In [None]:
# ===========================
# ФАЙЛ ДЛЯ ПОИСКА ОШИБОК ПРЕДСКАЗАНИЙ (Colab)
# ===========================
# Установка зависимостей (без шума)
!pip -q install transformers==4.44.2 tokenizers==0.19.1 pytorch-crf==0.7.2 seqeval==1.2.2 pandas tqdm

In [None]:
import os, re, ast, json, random
from typing import List, Tuple, Dict

import numpy as np
import pandas as pd
from tqdm.auto import tqdm

import torch
import torch.nn as nn
from transformers import AutoTokenizer, AutoModel
from torchcrf import CRF
from seqeval.metrics import classification_report, f1_score

In [None]:
# --- Подключаем Google Drive ---
from google.colab import drive
drive.mount('/content/drive', force_remount=True)

In [None]:
# ===========================
# КОНФИГ
# ===========================
MODEL_DIR = "/content/drive/MyDrive/var_model_3"   # содержит: model.pt, labels.txt, tokenizer/
TRAIN_CSV = "/content/drive/MyDrive/train.csv"     # содержит: sample;annotation
OUT_DIR   = "/content/drive/MyDrive/var_model_3_analysis"
ERRORS_CSV = os.path.join(OUT_DIR, "errors.csv")

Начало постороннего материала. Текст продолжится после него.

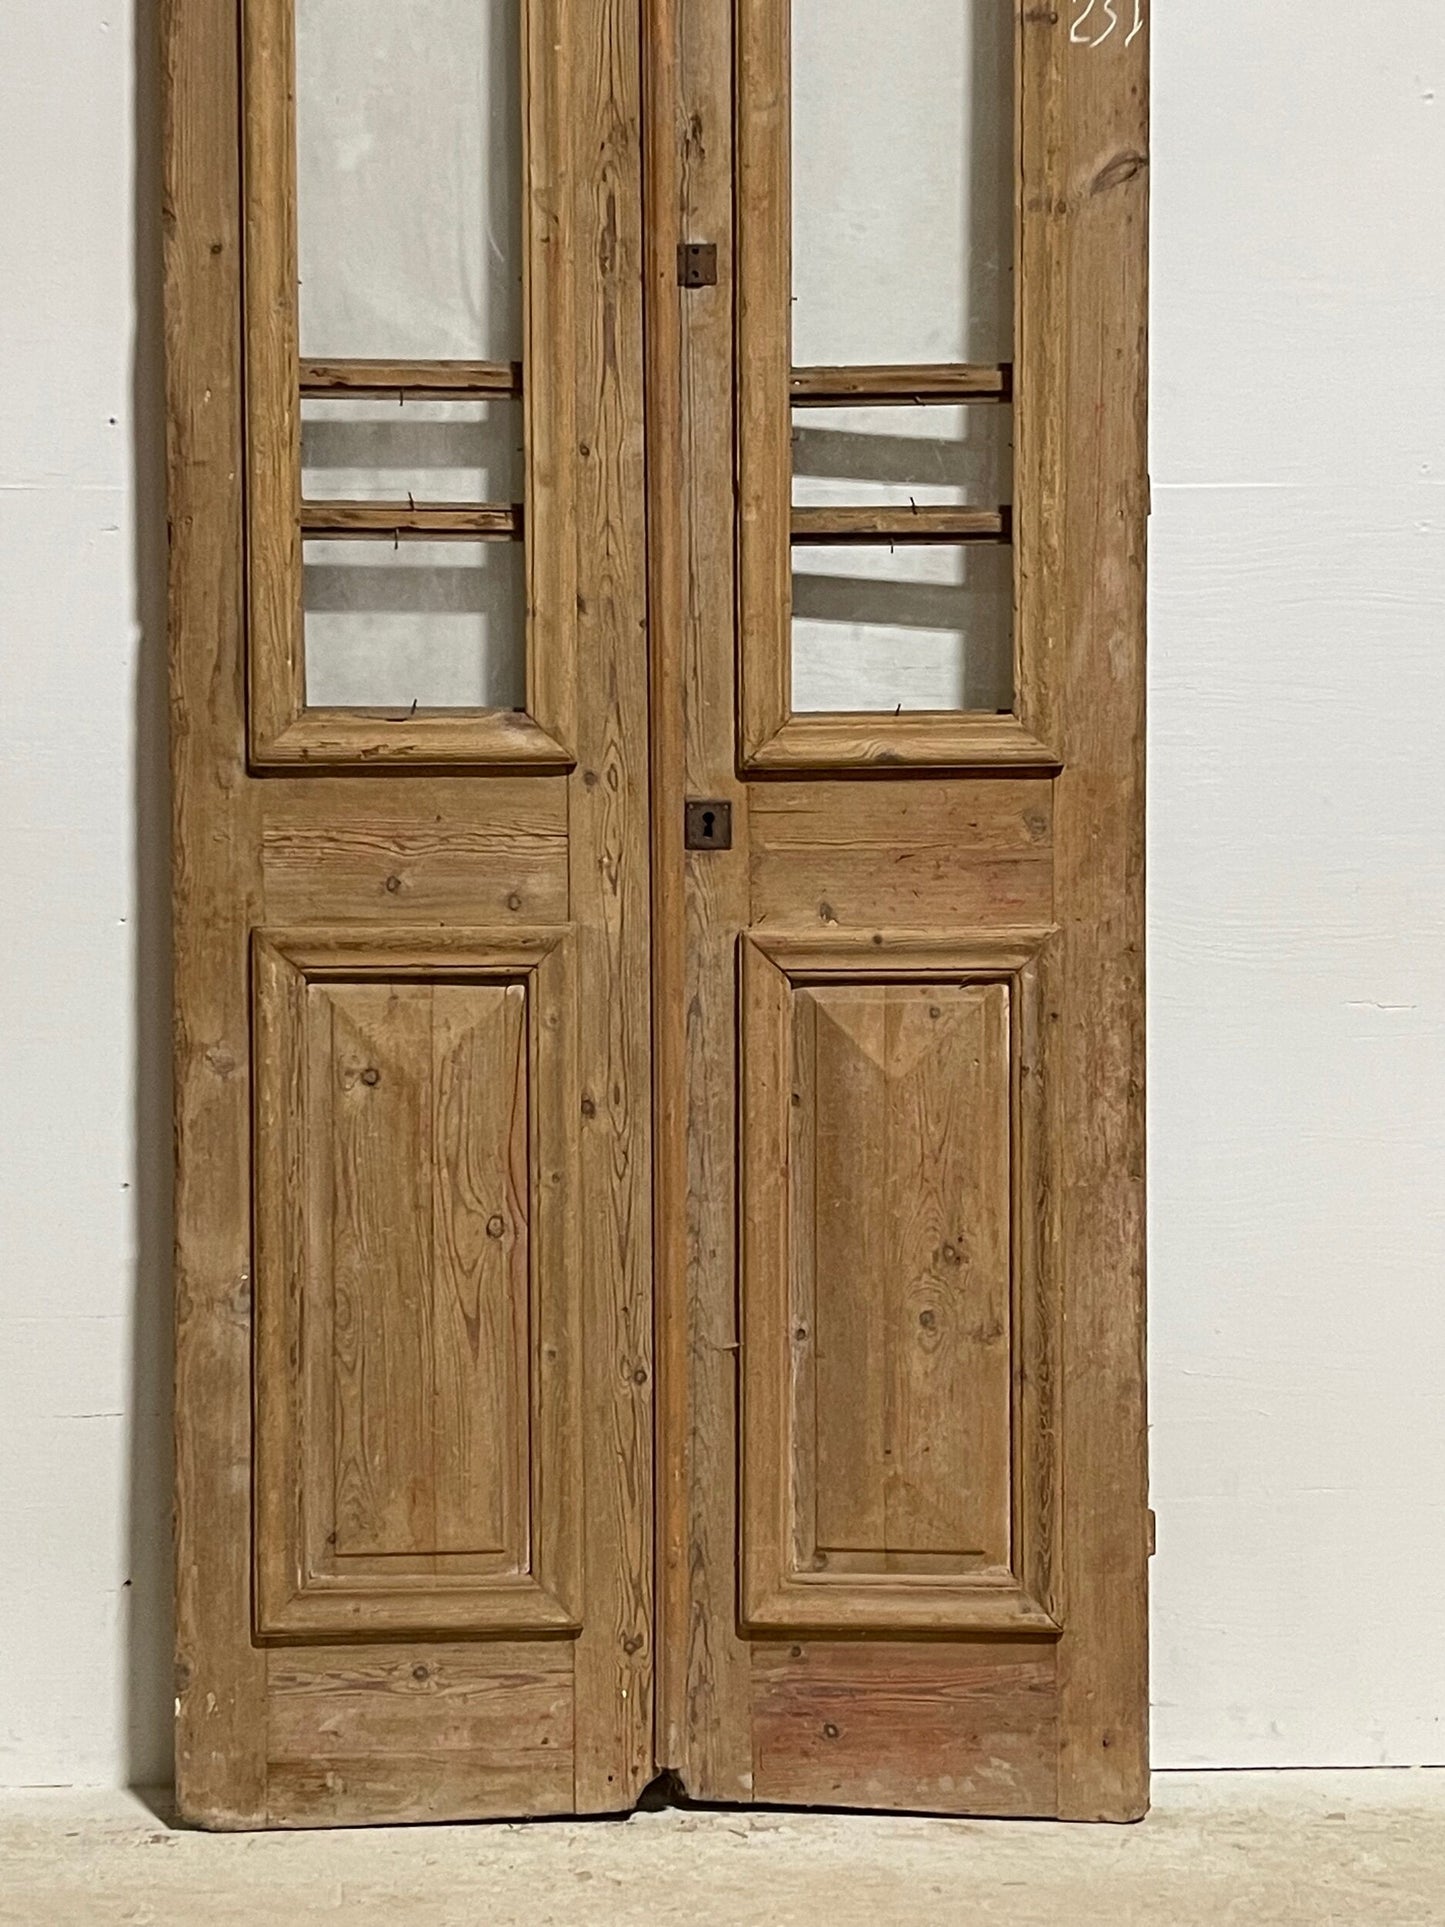 Antique French doors with glass (91.5x35) H0101s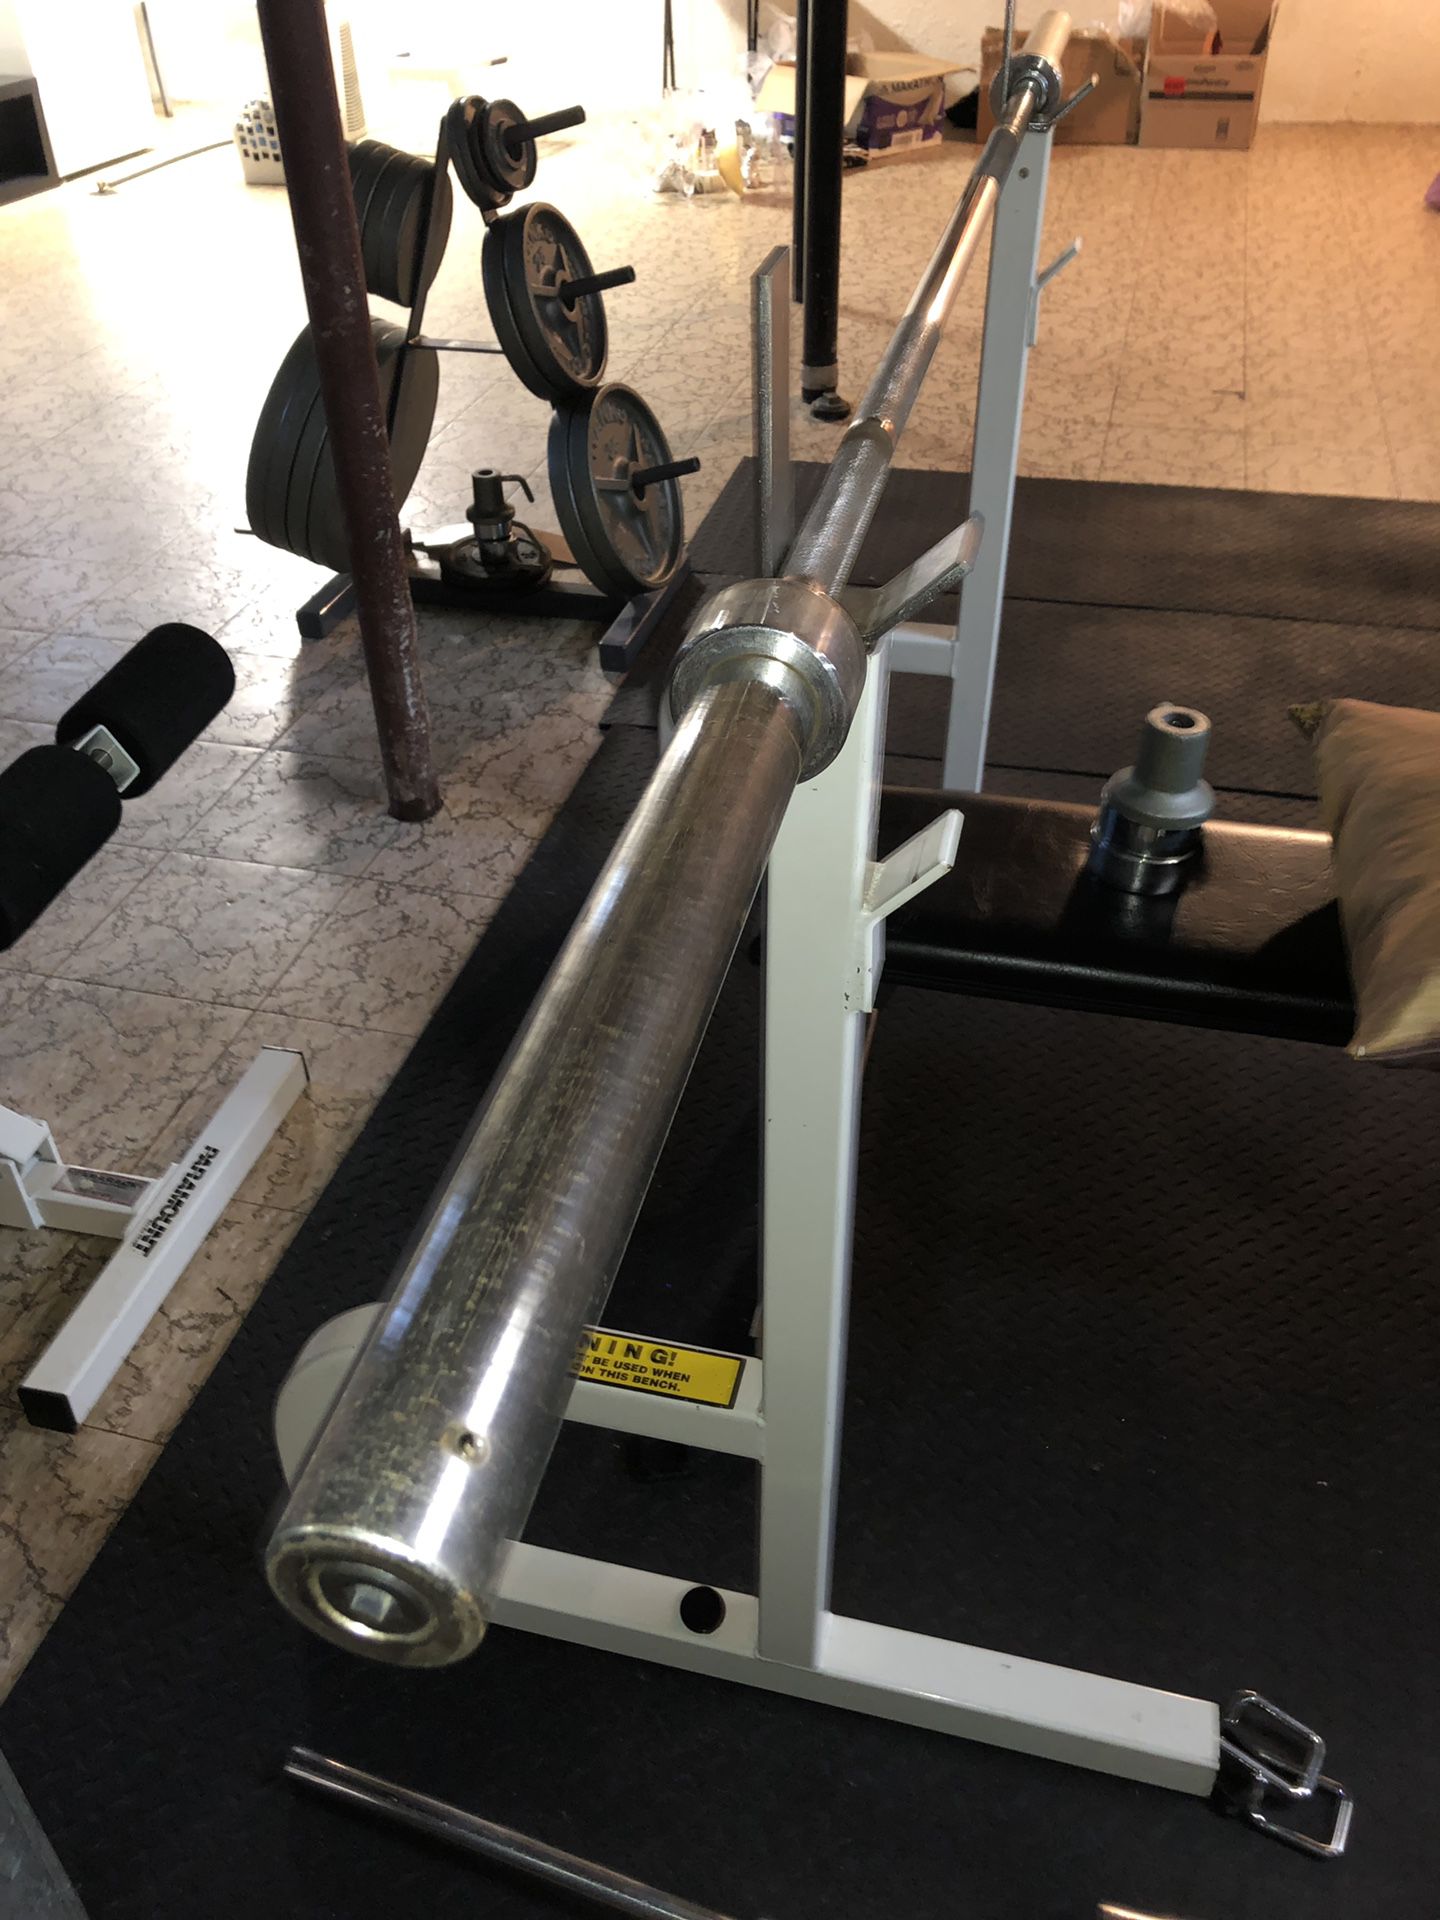 Ivanko olympic bar + Paramount bench with rack

MAX_LEN    = 96        # длина последовательности (сабтокены)
BIAS_SCALE = 0.5       # сила мягких подсказок
SEED       = 42
os.makedirs(OUT_DIR, exist_ok=True)

random.seed(SEED); np.random.seed(SEED); torch.manual_seed(SEED)
DEVICE = torch.device("cuda" if torch.cuda.is_available() else "cpu")
print("Device:", DEVICE)

In [None]:
# ===========================
# Утилиты: токены по словам, мягкие подсказки, парсер annotation
# ===========================
WS_RE = re.compile(r"\S+")
NUM_RE = re.compile(r"^\d+[\d,.]*$")
ASCII_RE = re.compile(r"^[A-Za-z]+$")
UNITS = {"л","литр","литра","литров","мл","гр","г","кг","шт","килограммов", "грамм", "граммов", "миллилитров"}
PCT_WORDS = {"%","процент","проц", "процентов"}
ENTITY_TAGS = {"BRAND","TYPE","VOLUME","PERCENT"}

def ws_tokens_with_offsets(text: str) -> List[Tuple[str,int,int]]:
    return [(m.group(0), m.start(), m.end()) for m in WS_RE.finditer(text or "")]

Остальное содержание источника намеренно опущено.